* [To do]: Repeat the listing word for word. No pictures belong in the copy.

*** Opening Supplied information ***

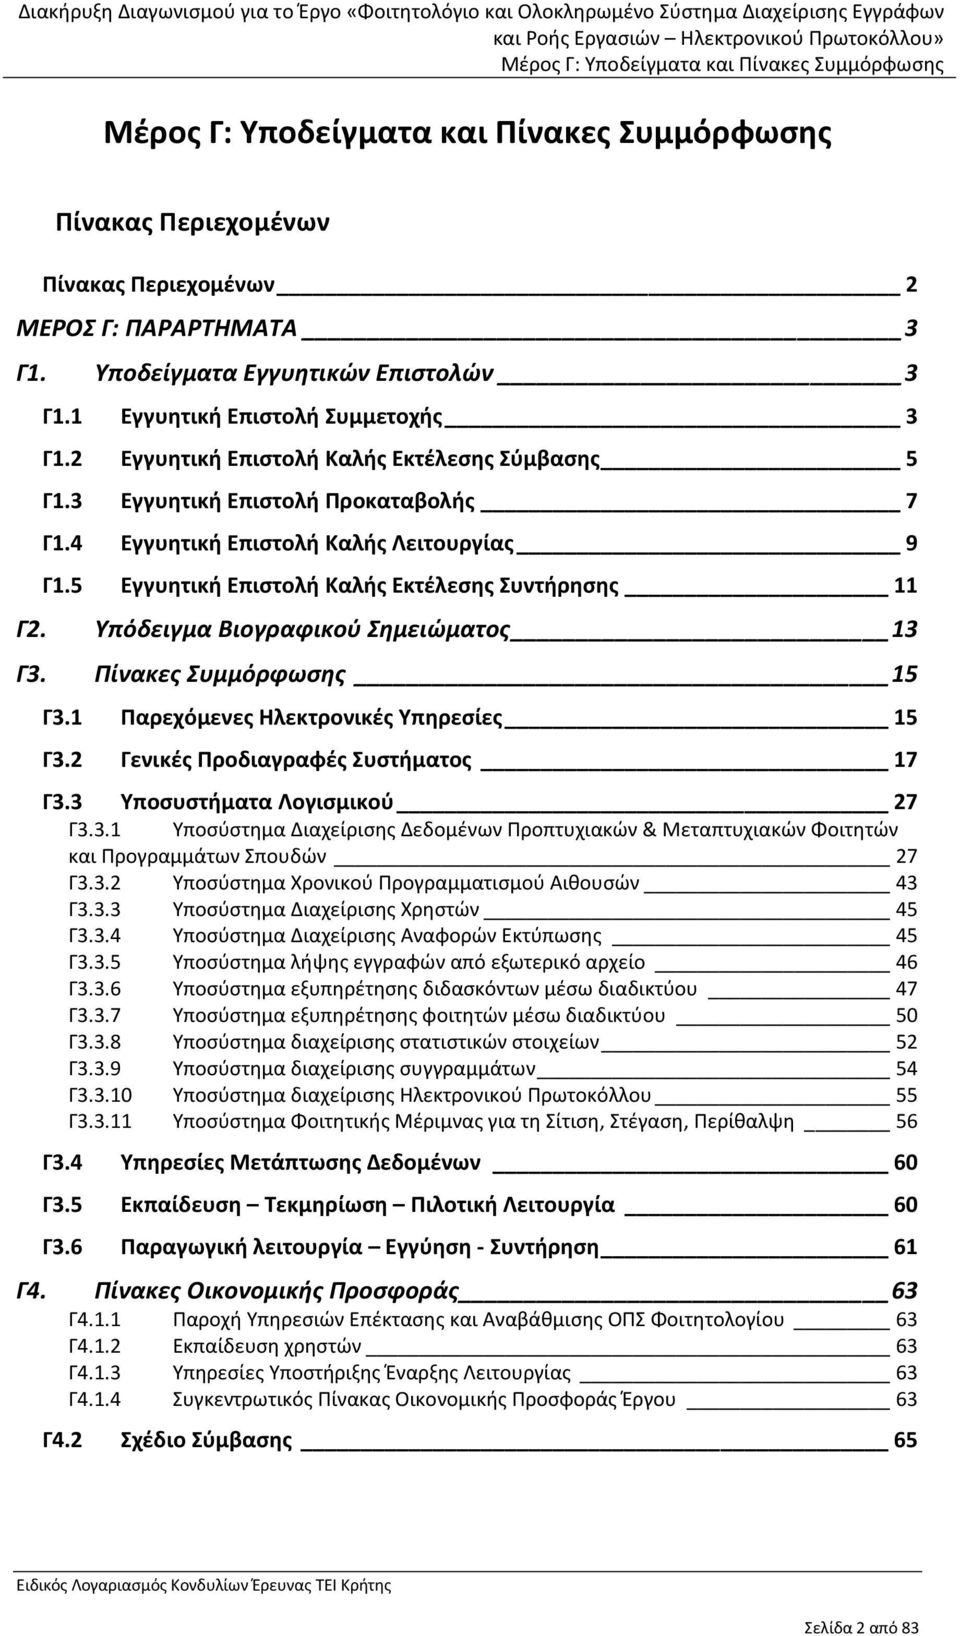 Πίνακες Συμμόρφωσης 15 Γ3.1 Παρεχόμενες Ηλεκτρονικές Υπηρεσίες 15 Γ3.2 Γενικές Προδιαγραφές Συστήματος 17 Γ3.3 Υποσυστήματα Λογισμικού 27 Γ3.3.1 Υποσύστημα Διαχείρισης Δεδομένων Προπτυχιακών & Μεταπτυχιακών Φοιτητών και Προγραμμάτων Σπουδών 27 Γ3.
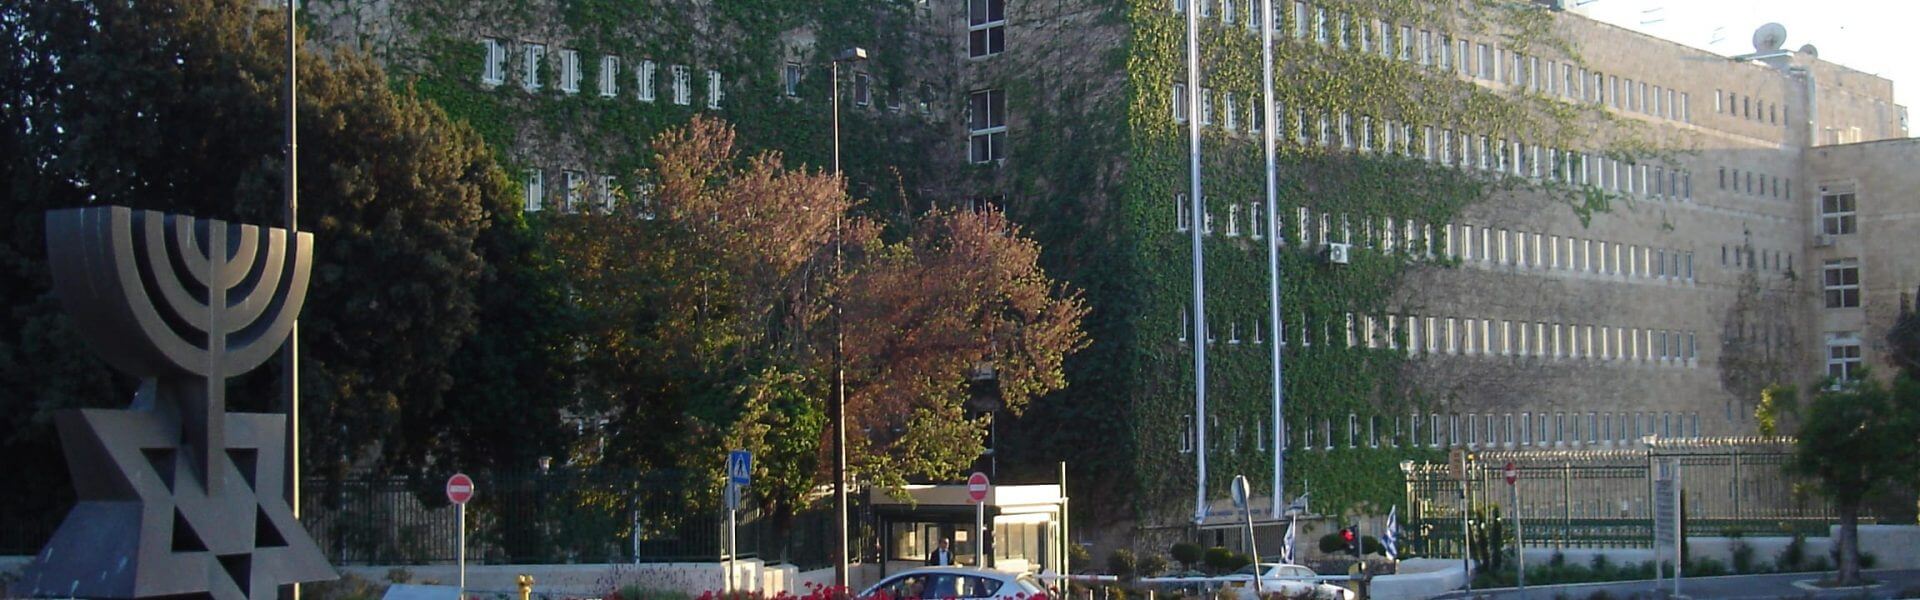 בניין משרד האוצר בירושלים
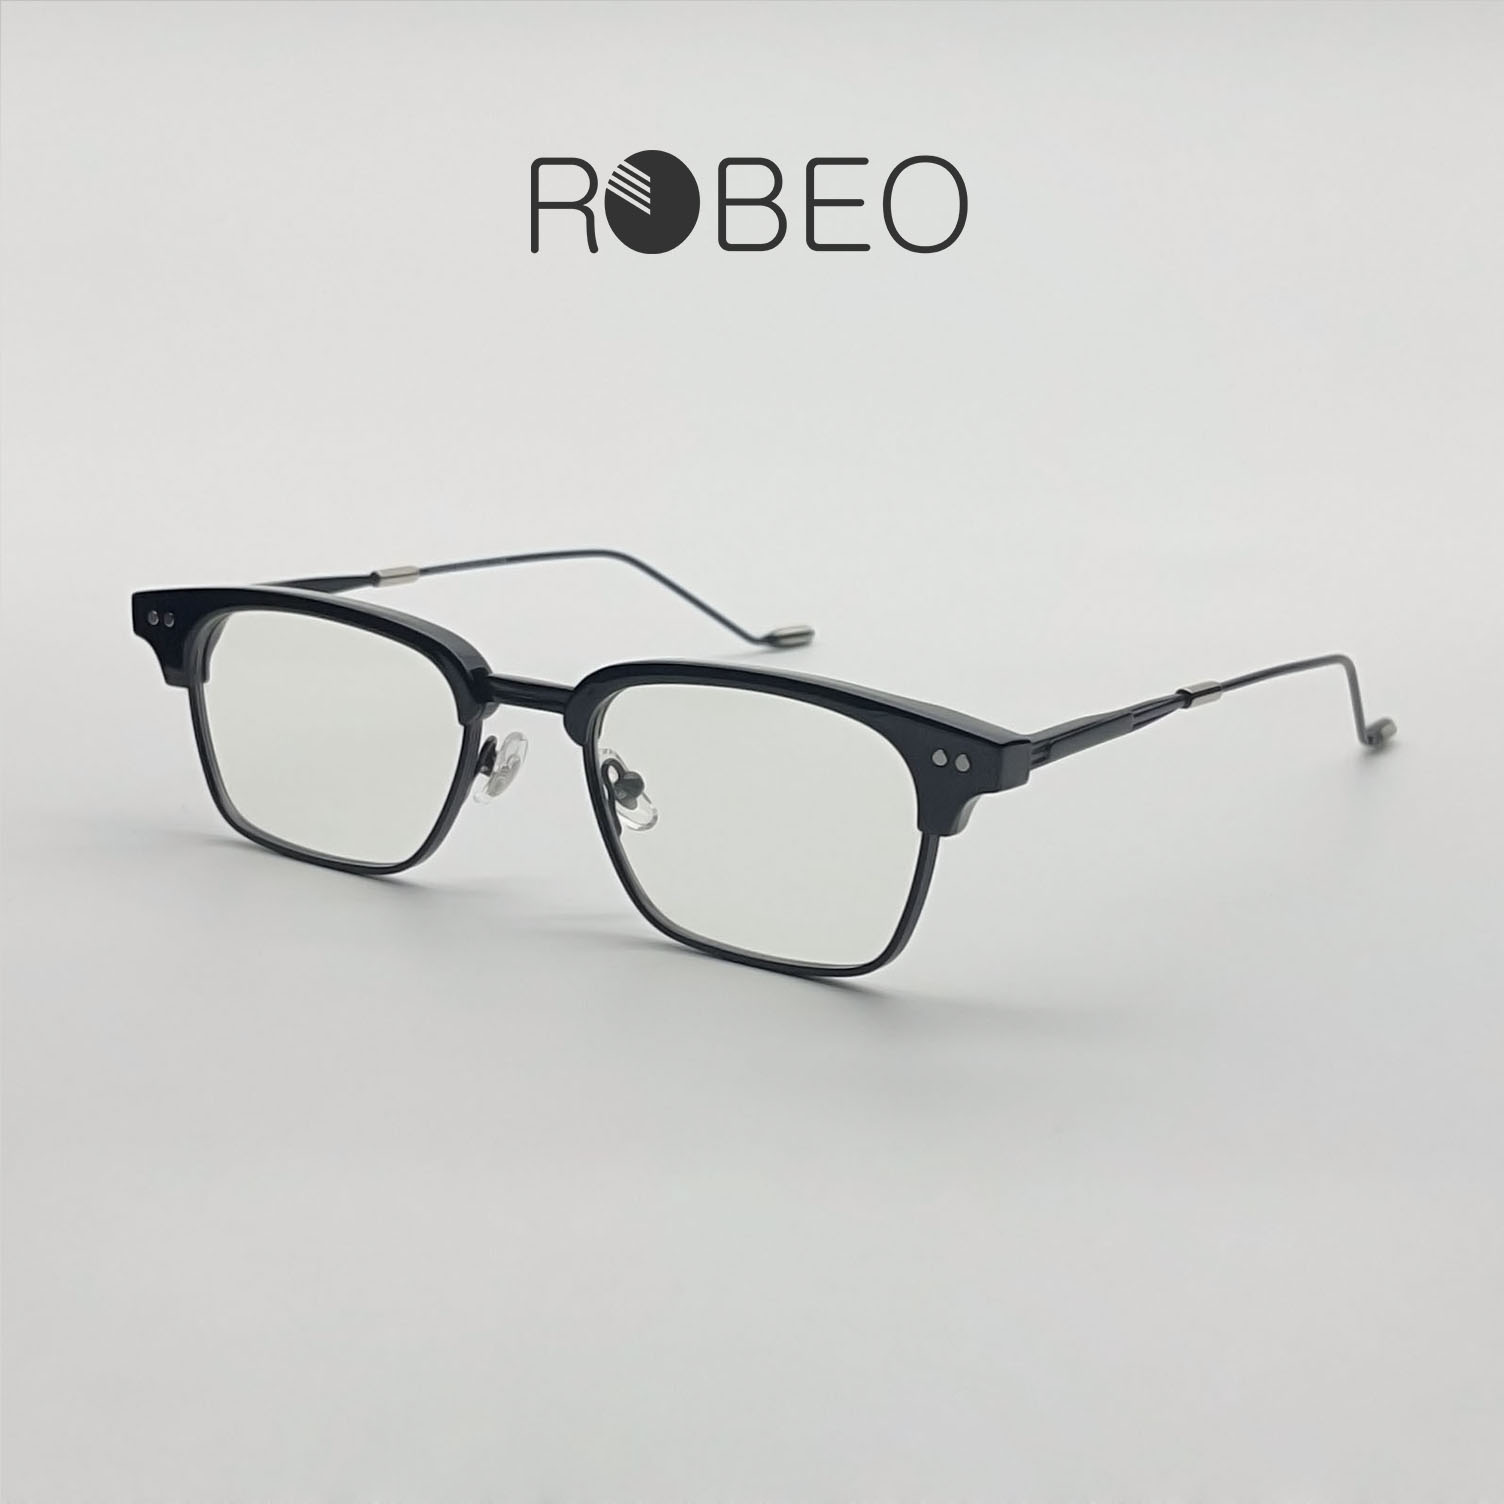 Gọng kính cận nam nữ ROBEO - R0423 , kính giả cận sao hàn mắt chống ánh sáng xanh - Fullbox
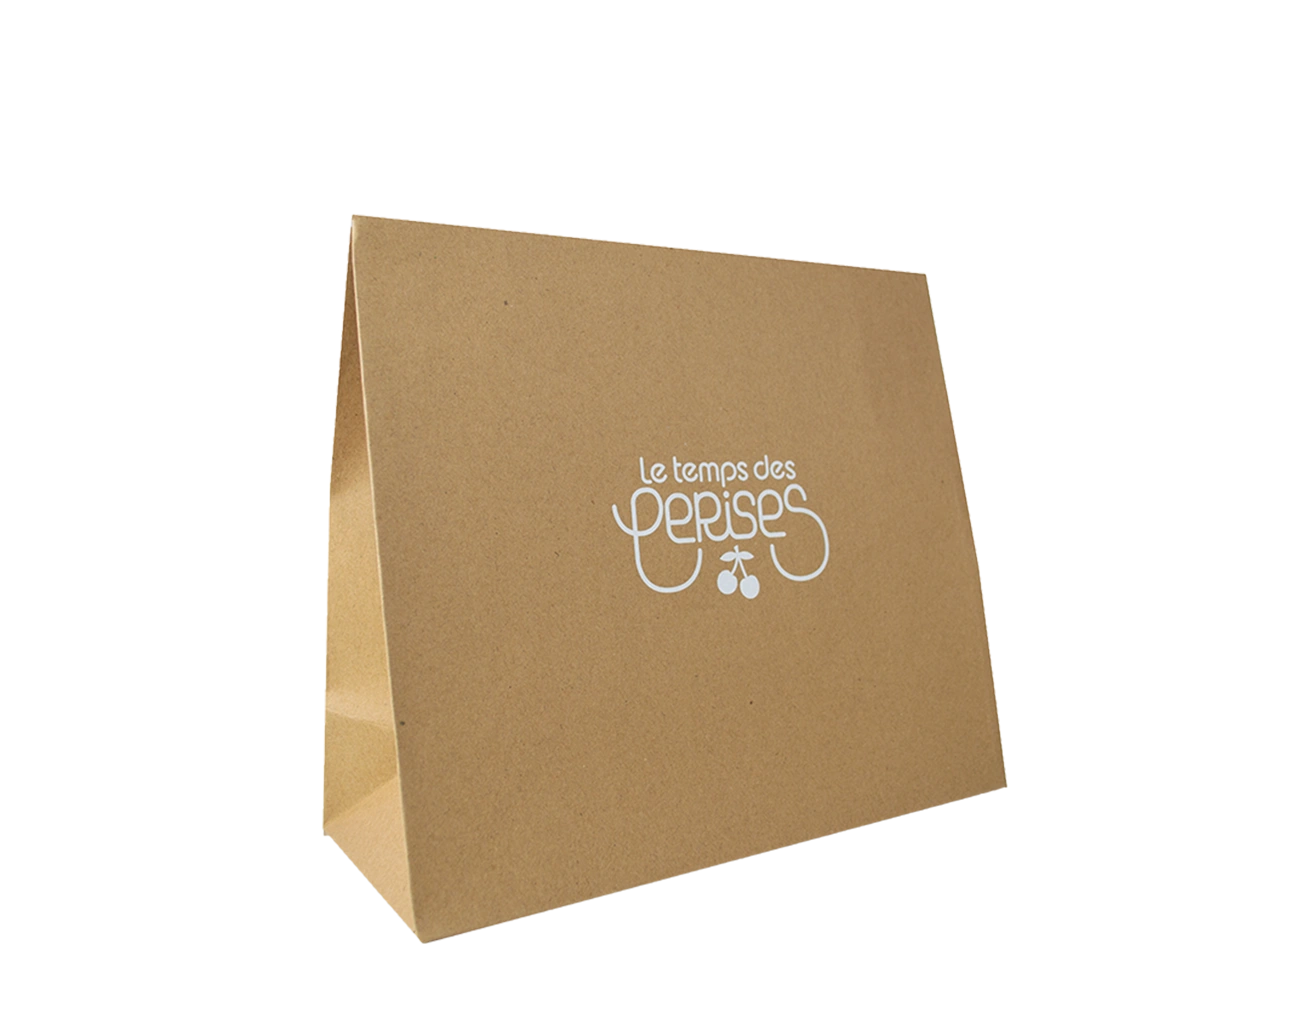 Voici une Pochette Cadeau Personnalisée pour Marque de Prêt-à-porter. Packaging sobre et élégant, cette pochette kraft est pratique et 100% écologique.

*** Closing Supplied information ***

* [Your response]:
 Πίνακες Συμμόρφωσης 15 Γ3.1 Παρεχόμενες Ηλεκτρονικές Υπηρεσίες 15 Γ3.2 Γενικές Προδιαγραφές Συστήματος 17 Γ3.3 Υποσυστήματα Λογισμικού 27 Γ3.3.1 Υποσύστημα Διαχείρισης Δεδομένων Προπτυχιακών & Μεταπτυχιακών Φοιτητών και Προγραμμάτων Σπουδών 27 Γ3.
 בניין משרד האוצר בירושלים
 Gọng kính cận nam nữ ROBEO - R0423 , kính giả cận sao hàn mắt chống ánh sáng xanh - Fullbox
 Voici une Pochette Cadeau Personnalisée pour Marque de Prêt-à-porter. Packaging sobre et élégant, cette pochette kraft est pratique et 100% écologique.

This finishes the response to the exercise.